:: INFORMATION SHOWN ::
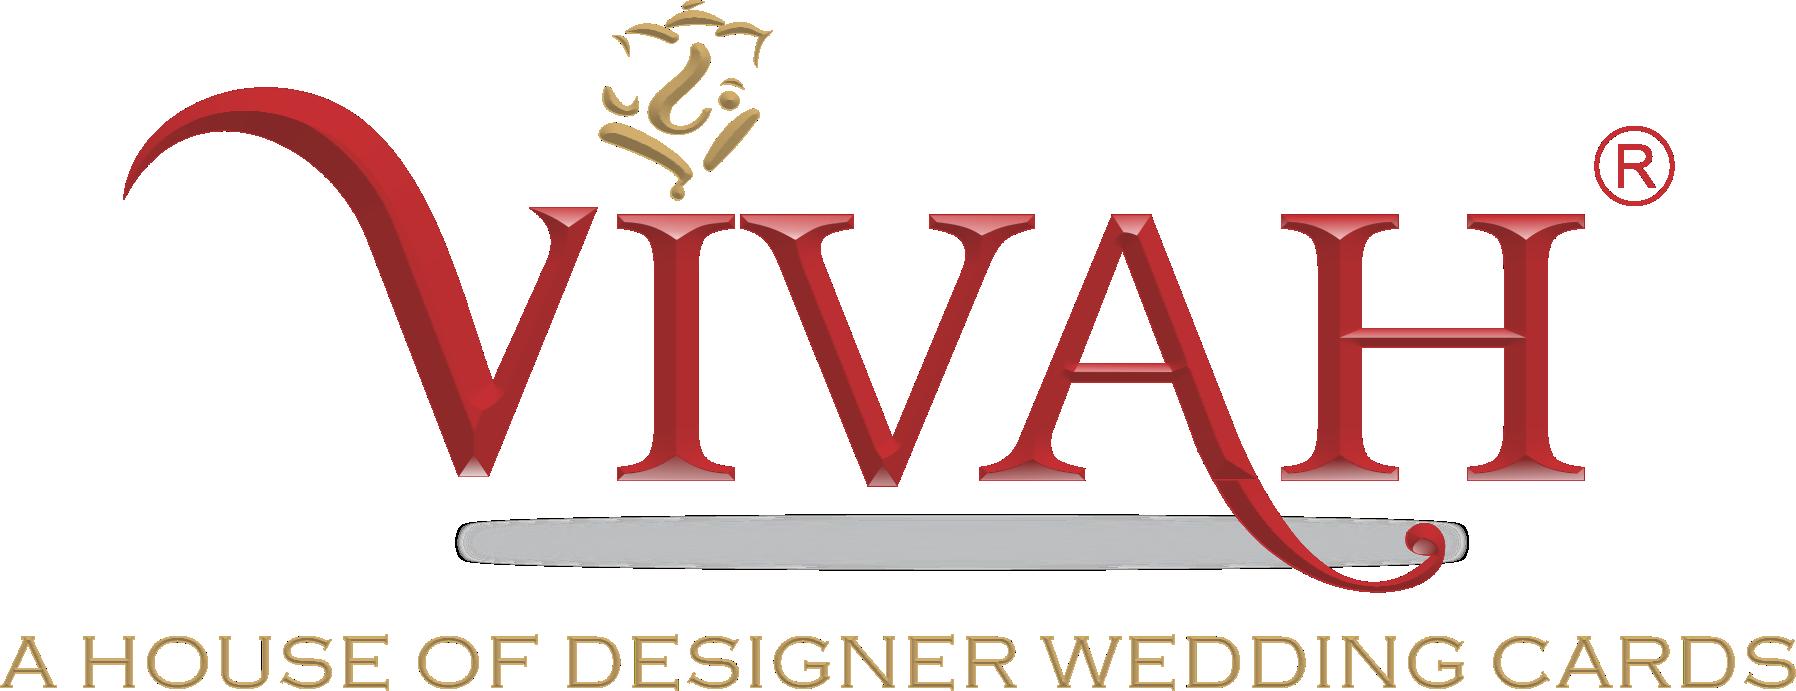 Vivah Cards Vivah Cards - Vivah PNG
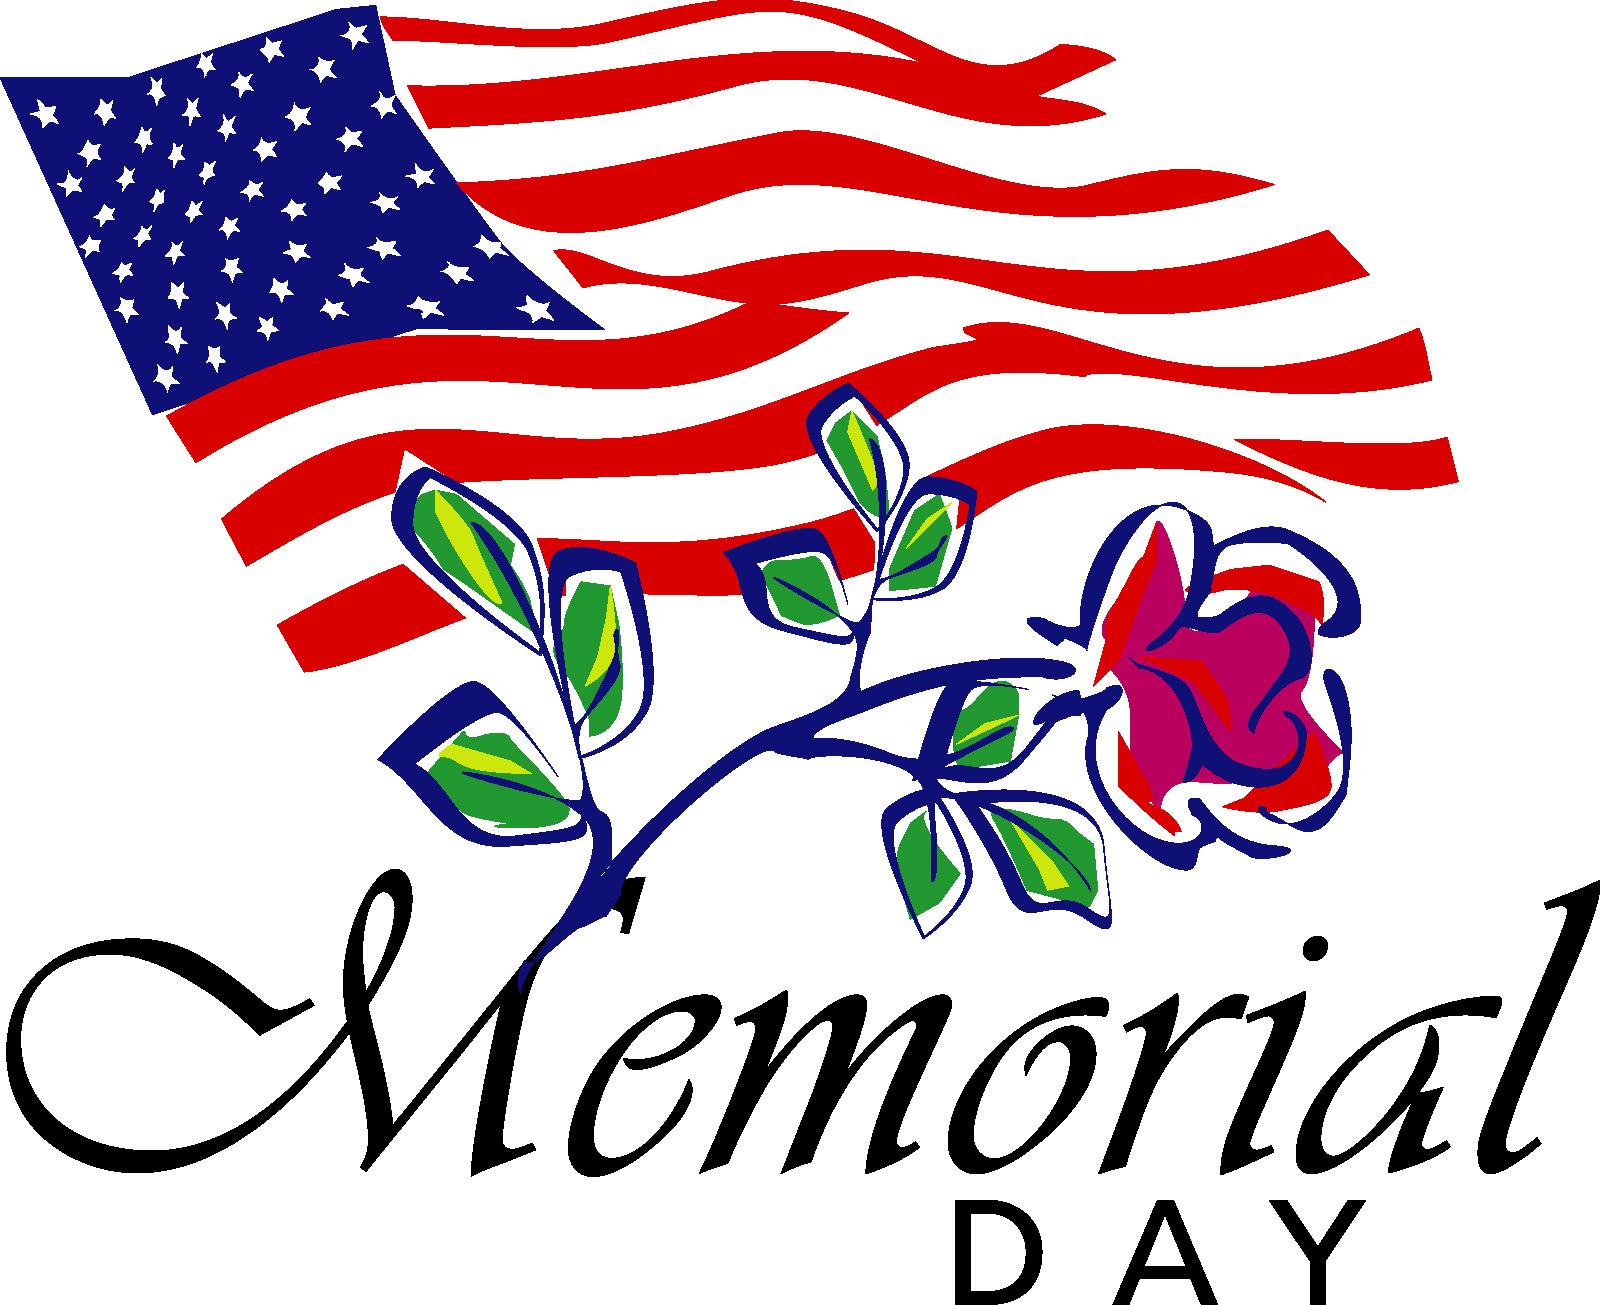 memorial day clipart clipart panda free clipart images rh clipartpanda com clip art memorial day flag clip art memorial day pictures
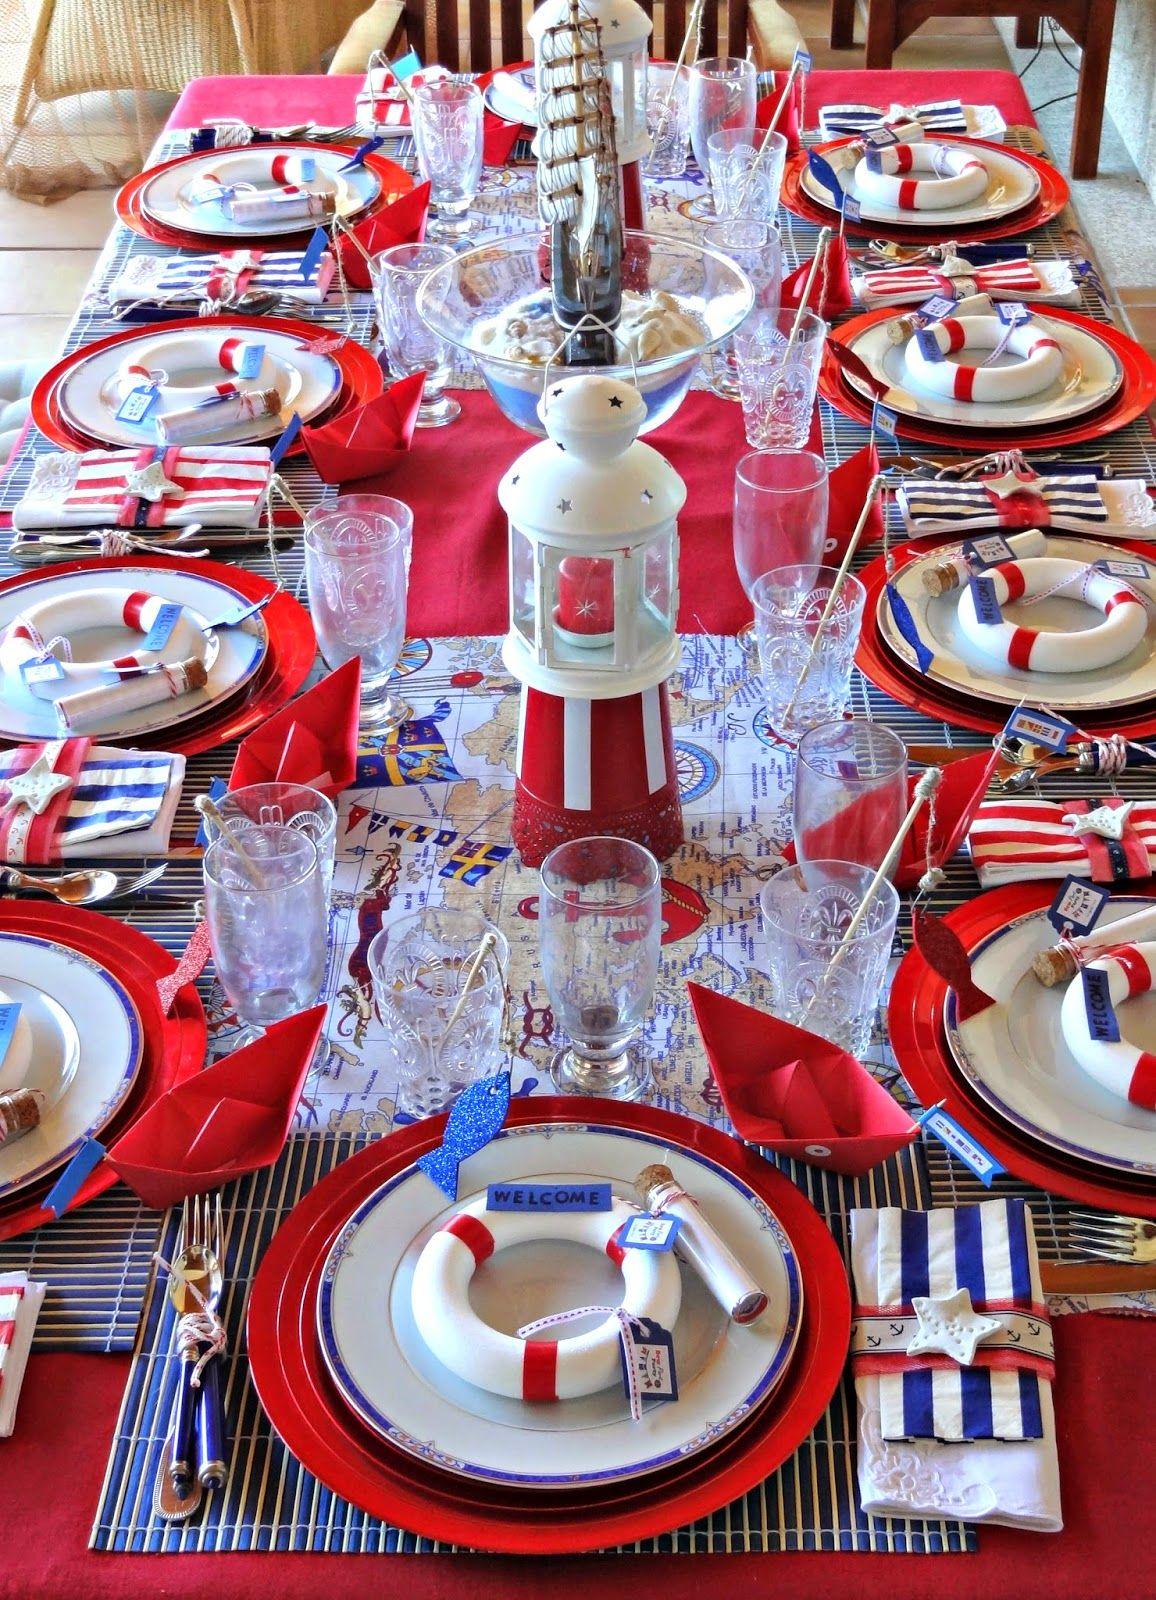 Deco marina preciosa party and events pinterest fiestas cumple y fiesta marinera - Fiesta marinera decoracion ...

:: WHAT THE TASK REQUIRES ::
Repeat the material above in full and unchanged, minus its images.

:: OUTPUT OF THE TASK ::
 Vivah Cards Vivah Cards - Vivah PNG
 memorial day clipart clipart panda free clipart images rh clipartpanda com clip art memorial day flag clip art memorial day pictures
 Deco marina preciosa party and events pinterest fiestas cumple y fiesta marinera - Fiesta marinera decoracion ...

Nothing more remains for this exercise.